TAMs play a critical role in facilitating tumor metastasis. In the peritoneal cavity, TAMs contribute to the formation of multicellular spheroids with tumor cells, providing a protective environment that enhances tumor survival and facilitates peritoneal dissemination. Also, studies reveal that M2 macrophage–derived CCL4 activates the CCR5/PI3K pathway in mesothelial cells, inducing P-selectin expression. This facilitates CD24-mediated tumor–mesothelial adhesion in vitro and in vivo(108). TAMs within spheroids can secrete epidermal growth factor (EGF), resulting in the downstream upregulation of EGFR and VEGF signaling that promote tumor cell proliferation and migration. In mouse OC models treated with erlotinib, an EGFR inhibitor, exhibited reduced spheroid formation and metastatic progression, underscoring the important role of TAMs in disease progression (32). Moreover, EGF upregulates αMβ2 integrin on TAMs and ICAM-1 on tumor cells. Therefore, blocking EGFR signaling or neutralizing ICAM-1 reduced spheroid formation and cancer progression in mouse models (109, 110).

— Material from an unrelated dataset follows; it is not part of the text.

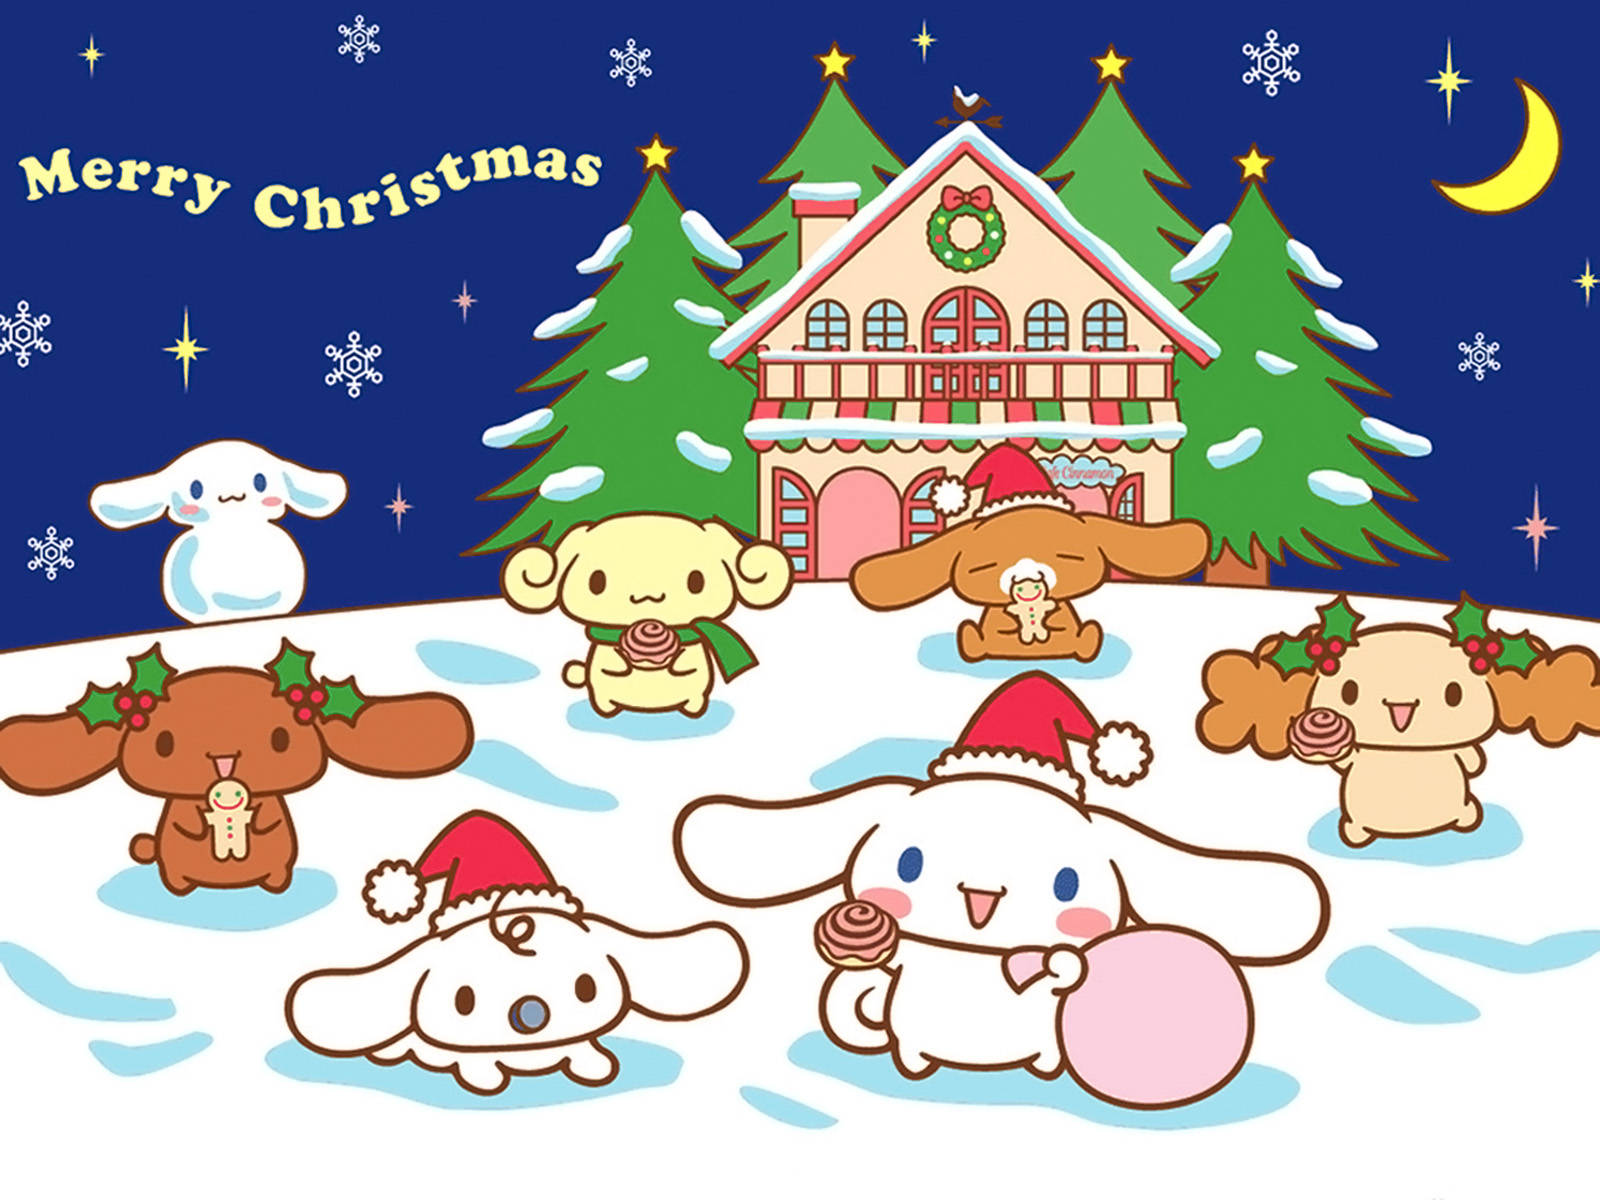 Sanrio là thương hiệu đồ chơi, đồ dùng phổ biến nhất tại Nhật Bản, và họ đã mang đến cho người hâm mộ của mình những hình nền Hello Kitty tuyệt đẹp trong mùa lễ hội Noel. Hãy xem hình ảnh để thấy sự khéo léo và tinh tế của các nhà thiết kế.

TAMs also play a pivotal role in promoting tumor cell dissemination by inducing epithelial-mesenchymal transition (EMT)—a process in which epithelial cells acquire mesenchymal traits, thereby enhancing their migratory and invasive capabilities. TAM-derived cytokines such as IL-6 and TNF-α activate signaling pathways like STAT3 and NF-κB in tumor cells, inducing EMT and increasing metastatic potential (111). Building on these findings, Li et al. demonstrated that TAM-derived CXCL8 promotes OC cell invasion by upregulating TRIM46 expression, which activates the Wnt/β-catenin signaling pathway and induces EMT (52). Furthermore, TAMs secrete MMPs that degrade the extracellular matrix, allowing tumor cells to invade surrounding tissues and enter the circulation (112).
4 Neutrophil in OC
Neutrophils are the most abundant circulating leukocytes and play a critical role in bridging innate and adaptive immunity. They are among the first immune cells recruited to areas of inflammation or malignancies and can influence the activity of other immune cells, including those of the adaptive immune system. Neutrophils have a short lifespan of approximately 7–10 hours in both humans and mice. However, cytokines secreted by tumor cells, such as G-CSF, IL-1β, IL-6, and TNF, can extend their longevity (113–115). Indeed, neutrophils are now recognized to be much longer-lived than previously thought, surviving for 5 days or more in the circulation (116), and they may even be able to survive for weeks in tissues.
In various malignancies—including lung, breast, and gastric cancers—neutrophils constitute a substantial portion of immune cells infiltrating primary tumors, and their presence has been consistently associated with reduced overall survival and recurrence-free survival (117, 118). Extensive evidence supports a pro-tumor role for neutrophils in cancer progression. For instance, Bekes et al. demonstrated that neutrophils produce MMP9 within the TME, promoting angiogenesis, tumor growth, and metastasis in mouse transplantation models (119). Similarly, Yang et al. reported that elevated infiltration of TANs in epithelial OC impairs CD8+ T cell cytotoxicity, thereby fostering an immune-tolerant microenvironment and increasing the risk of recurrence (120). In HGSOC, TANs have also been shown to express high levels of immunosuppressive markers such as PD-L1 and CD14, with their presence correlating with diminished T cell function (121). Despite the growing recognition of NETs in cancer biology, their roles in OC have only begun to be explored (Table 2). The following subsections provide a detailed description of TANs.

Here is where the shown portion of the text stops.